Stevie Gray

Personal information
- Date of birth: 7 February 1967
- Place of birth: Glasgow, Scotland
- Date of death: 19 September 2009 (aged 42)
- Place of death: Irvine, Scotland
- Position(s): Right winger

Youth career
- 1983–1985: Aberdeen

Senior career*
- Years: Team / Apps / (Gls)
- 1985–1990: Aberdeen / 37 / (2)
- 1989–1993: Airdrieonians / 48 / (10)
- 1993–1998: Huntly
- Total:  / 85 / (12)

International career
- 1986: Scotland U21 / 1 / (0)

= Stevie Gray =

Scottish footballer

Stephen Gray (7 February 1967 – 19 September 2009) was a Scottish professional footballer who played as a right winger.
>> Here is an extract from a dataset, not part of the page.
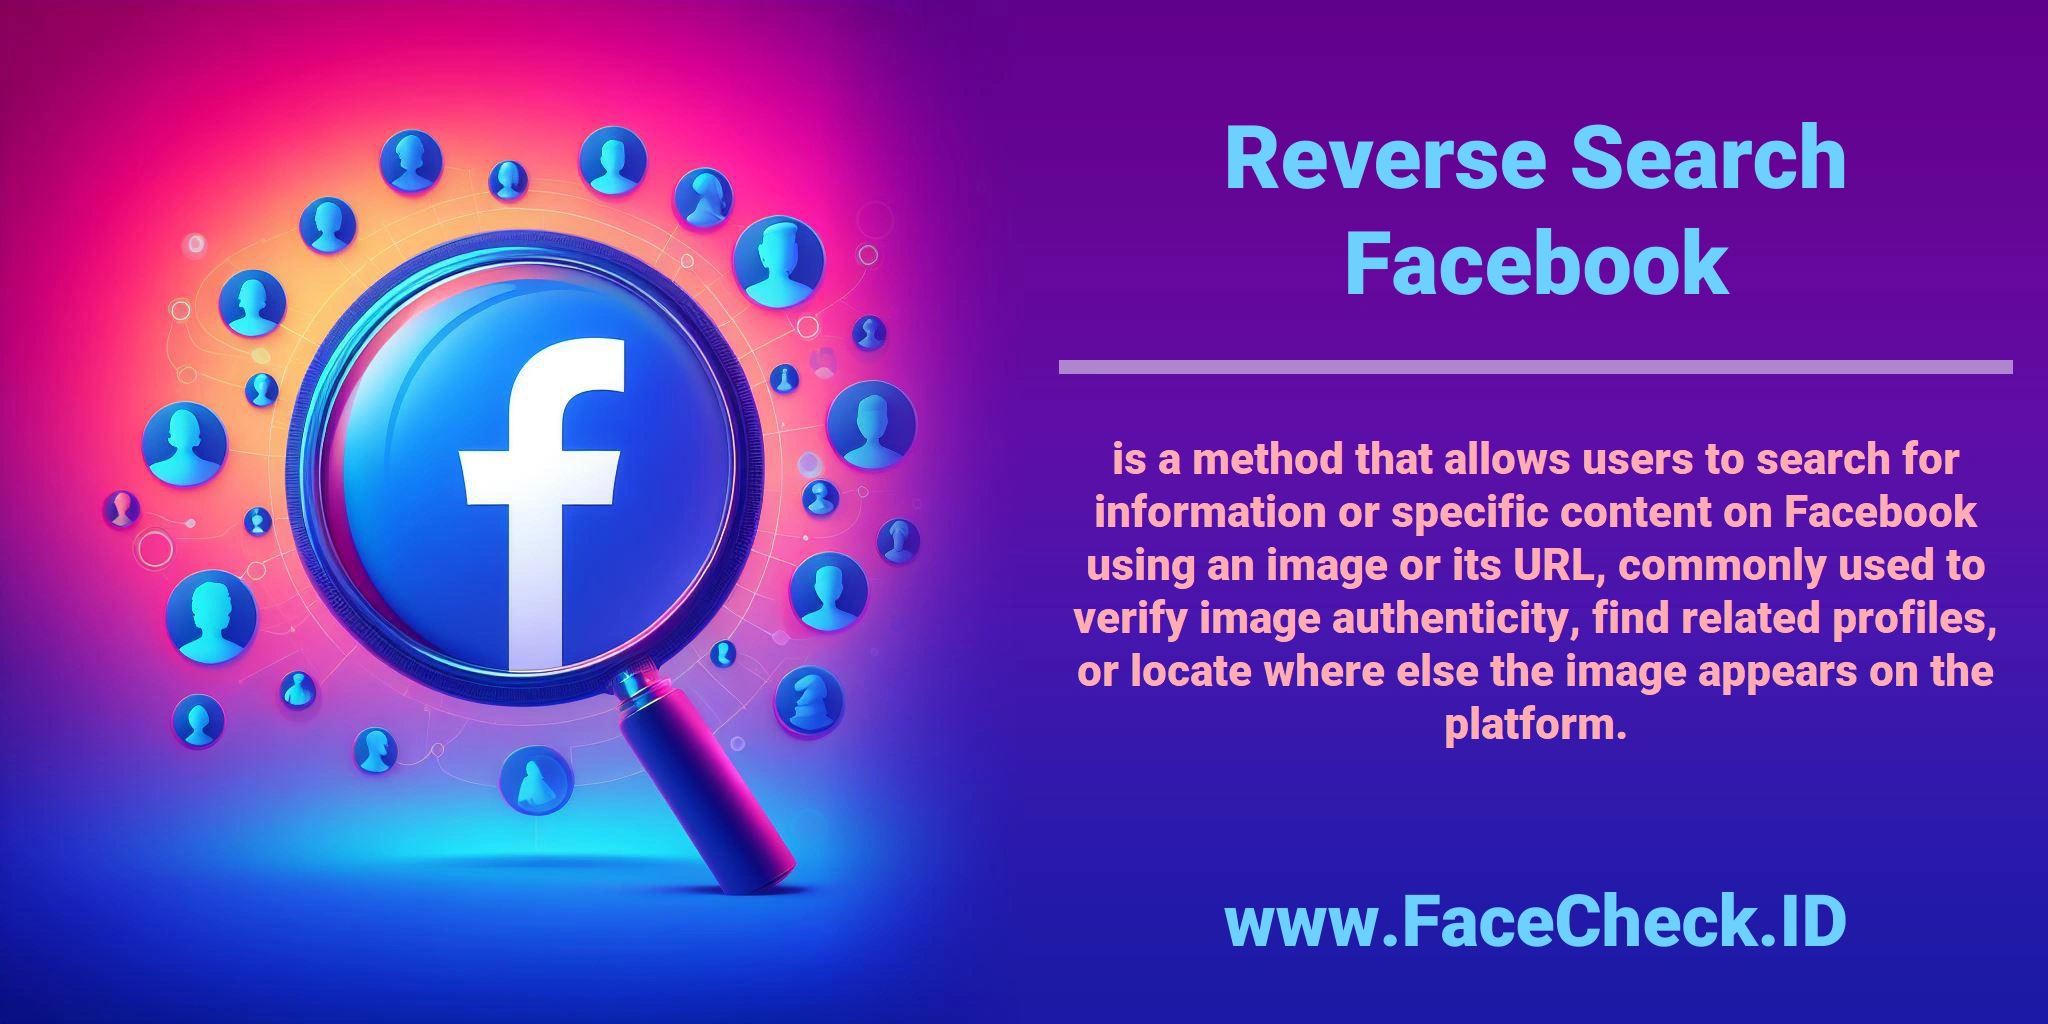 <b>Reverse Search Facebook</b> is a method that allows users to search for information or specific content on Facebook using an image or its URL, commonly used to verify image authenticity, find related profiles, or locate where else the image appears on the platform.

Gray made 85 appearances in the Scottish Football League for Aberdeen and Airdrieonians between 1985 and 1993. Gray also represented Scotland at under-21 international level.

==Career==
Born in Glasgow, Gray won the Scottish Youth Cup with Aberdeen in 1985, and then broke into the first team managed by Alex Ferguson, winning the 1985 Scottish League Cup Final. He left Aberdeen in 1989 to join second-tier Airdrie for a fee of £70,000, where he was part of the team managed by Jimmy Bone which achieved promotion to the Premier Division in 1991, but he dropped out of the senior game in 1993 to sign for Highland League team Huntly.

==Death==
Gray died on 19 September 2009 in Irvine, aged 42. After Gray's death, former teammate Stewart McKimmie commented that Gray had perhaps lost his way after Ferguson left Aberdeen in 1986.